Monday, Jul. 12, 1954

Free Press & Fair Trial

In criminal cases the prosecutor is often the first to run to the press with word that he has a confession and is sure of a conviction. On their part defense counsel are just as eager to try their cases in the press. Do such shenanigans hinder justice? They certainly do, says the New York State Bar Association's Committee on Civil Rights. At Saranac Inn, N.Y. last week, the Bar Association was considering a committee proposal to stop lawyers from talking to the press. The proposal called for state legislation making it "unlawful" for either prosecutor or defense attorney to talk before trial about evidence in a criminal case.

But the committee reckoned without Alexander F. ("Casey") Jones, executive editor of the Syracuse Herald-Journal, onetime head of the American Society of Newspaper Editors and a debater at the lawyers' convention. Jones interpreted the proposal as "an out and out press gag." Said he: "If this had come up 15 years ago, I would guess the author to be Goebbels. [For every] case where newspapers have [caused a man to be] sent to prison in a miscarriage of justice, [there are] ten where citizens won freedom through the ceaseless efforts of hard-working newspapermen.'' After hearing that, the New York lawyers substituted a watered-down proposal to "condemn as unprofessional press releases and public statements by lawyers . . . which may interfere with a fair trial ..." On getting word of this, the Atlanta Bar Association went further.

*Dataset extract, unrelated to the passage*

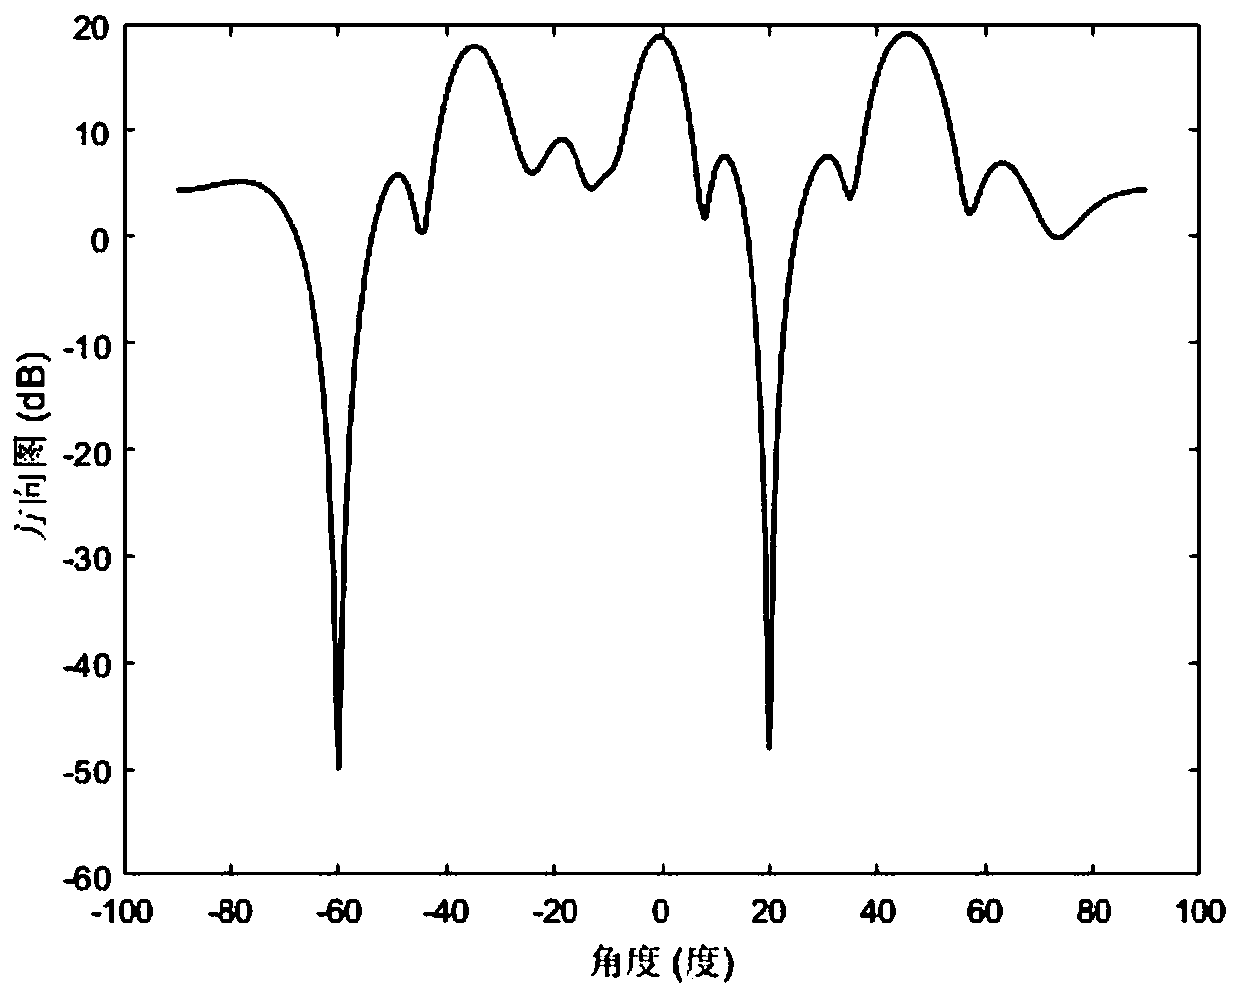 Synthesis method of mimo radar transmission waveform based on coordinate descent algorithm

Its executive committee passed a resolution calling for legislation that would make a newspaper liable for contempt if it published "one-sided or prejudicial news commentary" about a case before or during trial.

Gag Attempt? Even the watered-down New York resolution was too much for some editors, including Casey Jones, to take. Snapped the New York Daily News in an editorial: "[We will] fight this gag attempt in every . . . way [we] can think up." Said the trade paper Editor & Publisher: "It will be the people who eventually will suffer ..."

Around the U.S., editors agreed that the resolution was a step in the wrong direction. To City Editor Ralph Shawhan of the Los Angeles Mirror, it was the beginning of "a gradual attempt [by] all the little pipsqueaks and politicians to suppress the news generally." Said Executive Editor Basil L. ("Stuffy") Walters of the Chicago Daily News: "Editors are getting pretty sore with lawyers who seem to believe courts belong to them . . ."

Sound from the Neck. To nobody's great surprise, the lone journalistic voice raised in all-out defense of a ban on pretrial reporting came from Columnist Westbrook Pegler, who is having his own court troubles (see below). Said Pegler in his column: "The contention that [such a ban] would violate freedom of the press is only a neck-sound unrelated to the heart of the subject."

Pegler went on to decry the coverage of a current story about wife-swapping parties and murder at Amesbury, Mass. But the New York Journal-American, which carries Pegler's column, seemed oblivious to the neck-sounds emanating from that quarter. Same day, same edition, it ran a Page One streamer on the Amesbury case: 'PASSION' SLAYER REPORTED READY TO INVOLVE LOVER.